WORK REQUIRED: Please output the section of the listing below that opens with the line containing "The Bad Beginning" and closes with the line containing "Michel Escoffier poses", exactly and with nothing else.

SOURCE MATERIAL:
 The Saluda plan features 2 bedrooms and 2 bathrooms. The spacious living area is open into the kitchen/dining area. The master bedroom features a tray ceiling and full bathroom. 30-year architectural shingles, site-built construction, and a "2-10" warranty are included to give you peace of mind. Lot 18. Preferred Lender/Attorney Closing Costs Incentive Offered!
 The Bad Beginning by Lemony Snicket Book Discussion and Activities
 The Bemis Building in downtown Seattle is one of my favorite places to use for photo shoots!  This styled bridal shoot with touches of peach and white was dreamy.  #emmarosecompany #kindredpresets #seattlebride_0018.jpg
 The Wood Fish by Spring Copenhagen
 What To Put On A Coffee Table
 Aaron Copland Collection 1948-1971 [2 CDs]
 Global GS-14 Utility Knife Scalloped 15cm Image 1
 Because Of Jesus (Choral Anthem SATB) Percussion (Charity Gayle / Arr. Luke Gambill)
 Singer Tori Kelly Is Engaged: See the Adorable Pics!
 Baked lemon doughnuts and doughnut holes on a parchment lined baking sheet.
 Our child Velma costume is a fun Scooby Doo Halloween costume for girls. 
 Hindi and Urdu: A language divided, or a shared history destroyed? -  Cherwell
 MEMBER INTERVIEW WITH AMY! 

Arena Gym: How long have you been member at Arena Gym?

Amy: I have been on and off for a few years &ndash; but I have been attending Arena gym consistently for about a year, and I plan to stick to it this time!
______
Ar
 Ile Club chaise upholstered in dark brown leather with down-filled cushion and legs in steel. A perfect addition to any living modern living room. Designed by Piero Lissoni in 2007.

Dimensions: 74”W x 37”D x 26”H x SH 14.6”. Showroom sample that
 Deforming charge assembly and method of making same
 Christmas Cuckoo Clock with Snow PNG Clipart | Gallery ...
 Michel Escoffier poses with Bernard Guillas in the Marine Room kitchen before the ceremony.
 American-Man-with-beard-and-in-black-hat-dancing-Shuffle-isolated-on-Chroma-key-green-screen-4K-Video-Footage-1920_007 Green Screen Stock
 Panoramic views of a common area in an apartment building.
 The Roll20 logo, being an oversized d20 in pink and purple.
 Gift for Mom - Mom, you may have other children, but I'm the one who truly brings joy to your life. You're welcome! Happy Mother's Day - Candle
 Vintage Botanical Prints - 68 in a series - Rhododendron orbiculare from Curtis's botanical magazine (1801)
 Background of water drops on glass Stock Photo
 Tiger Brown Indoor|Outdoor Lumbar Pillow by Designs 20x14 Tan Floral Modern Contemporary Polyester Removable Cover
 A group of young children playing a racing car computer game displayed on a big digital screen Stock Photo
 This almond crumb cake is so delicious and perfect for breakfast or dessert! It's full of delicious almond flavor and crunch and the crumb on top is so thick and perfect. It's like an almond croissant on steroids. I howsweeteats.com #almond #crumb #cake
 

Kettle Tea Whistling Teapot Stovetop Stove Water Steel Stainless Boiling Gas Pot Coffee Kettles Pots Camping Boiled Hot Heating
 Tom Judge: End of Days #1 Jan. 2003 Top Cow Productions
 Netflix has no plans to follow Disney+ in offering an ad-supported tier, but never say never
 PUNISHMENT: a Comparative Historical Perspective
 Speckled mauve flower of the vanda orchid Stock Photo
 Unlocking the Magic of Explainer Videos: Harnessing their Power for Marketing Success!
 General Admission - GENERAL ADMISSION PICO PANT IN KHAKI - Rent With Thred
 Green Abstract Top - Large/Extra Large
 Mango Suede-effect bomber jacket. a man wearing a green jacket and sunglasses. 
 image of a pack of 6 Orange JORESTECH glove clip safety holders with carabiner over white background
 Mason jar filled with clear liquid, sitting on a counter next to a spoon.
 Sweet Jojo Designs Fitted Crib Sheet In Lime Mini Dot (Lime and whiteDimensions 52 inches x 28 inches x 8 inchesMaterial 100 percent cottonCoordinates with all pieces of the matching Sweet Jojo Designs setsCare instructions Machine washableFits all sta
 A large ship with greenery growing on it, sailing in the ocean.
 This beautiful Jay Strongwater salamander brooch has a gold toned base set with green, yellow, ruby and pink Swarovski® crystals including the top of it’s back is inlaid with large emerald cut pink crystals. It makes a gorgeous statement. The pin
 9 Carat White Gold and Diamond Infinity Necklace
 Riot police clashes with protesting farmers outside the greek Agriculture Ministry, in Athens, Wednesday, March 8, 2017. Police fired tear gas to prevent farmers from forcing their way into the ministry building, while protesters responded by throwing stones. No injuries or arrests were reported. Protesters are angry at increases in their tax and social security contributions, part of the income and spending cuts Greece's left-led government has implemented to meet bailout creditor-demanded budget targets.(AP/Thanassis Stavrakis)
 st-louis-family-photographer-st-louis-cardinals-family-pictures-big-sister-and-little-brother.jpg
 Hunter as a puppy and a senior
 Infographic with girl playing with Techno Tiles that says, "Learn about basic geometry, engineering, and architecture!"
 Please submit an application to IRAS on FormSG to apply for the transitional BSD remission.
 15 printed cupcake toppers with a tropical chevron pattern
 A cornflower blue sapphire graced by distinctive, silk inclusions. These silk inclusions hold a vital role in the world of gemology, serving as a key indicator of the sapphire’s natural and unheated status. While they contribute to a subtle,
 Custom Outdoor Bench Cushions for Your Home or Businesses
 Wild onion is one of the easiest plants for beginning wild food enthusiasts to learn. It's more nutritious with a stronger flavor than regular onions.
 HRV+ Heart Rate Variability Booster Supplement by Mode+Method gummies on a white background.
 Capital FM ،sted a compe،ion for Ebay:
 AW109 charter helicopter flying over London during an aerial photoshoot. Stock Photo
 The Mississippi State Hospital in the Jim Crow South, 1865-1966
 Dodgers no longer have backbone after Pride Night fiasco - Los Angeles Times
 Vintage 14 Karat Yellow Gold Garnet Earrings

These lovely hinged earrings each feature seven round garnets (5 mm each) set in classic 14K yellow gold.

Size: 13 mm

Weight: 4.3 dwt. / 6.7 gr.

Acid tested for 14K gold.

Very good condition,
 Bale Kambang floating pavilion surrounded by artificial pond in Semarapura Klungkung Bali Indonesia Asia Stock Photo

WRITTEN SOLUTION:
 The Bad Beginning by Lemony Snicket Book Discussion and Activities
 The Bemis Building in downtown Seattle is one of my favorite places to use for photo shoots!  This styled bridal shoot with touches of peach and white was dreamy.  #emmarosecompany #kindredpresets #seattlebride_0018.jpg
 The Wood Fish by Spring Copenhagen
 What To Put On A Coffee Table
 Aaron Copland Collection 1948-1971 [2 CDs]
 Global GS-14 Utility Knife Scalloped 15cm Image 1
 Because Of Jesus (Choral Anthem SATB) Percussion (Charity Gayle / Arr. Luke Gambill)
 Singer Tori Kelly Is Engaged: See the Adorable Pics!
 Baked lemon doughnuts and doughnut holes on a parchment lined baking sheet.
 Our child Velma costume is a fun Scooby Doo Halloween costume for girls. 
 Hindi and Urdu: A language divided, or a shared history destroyed? -  Cherwell
 MEMBER INTERVIEW WITH AMY! 

Arena Gym: How long have you been member at Arena Gym?

Amy: I have been on and off for a few years &ndash; but I have been attending Arena gym consistently for about a year, and I plan to stick to it this time!
______
Ar
 Ile Club chaise upholstered in dark brown leather with down-filled cushion and legs in steel. A perfect addition to any living modern living room. Designed by Piero Lissoni in 2007.

Dimensions: 74”W x 37”D x 26”H x SH 14.6”. Showroom sample that
 Deforming charge assembly and method of making same
 Christmas Cuckoo Clock with Snow PNG Clipart | Gallery ...
 Michel Escoffier poses with Bernard Guillas in the Marine Room kitchen before the ceremony.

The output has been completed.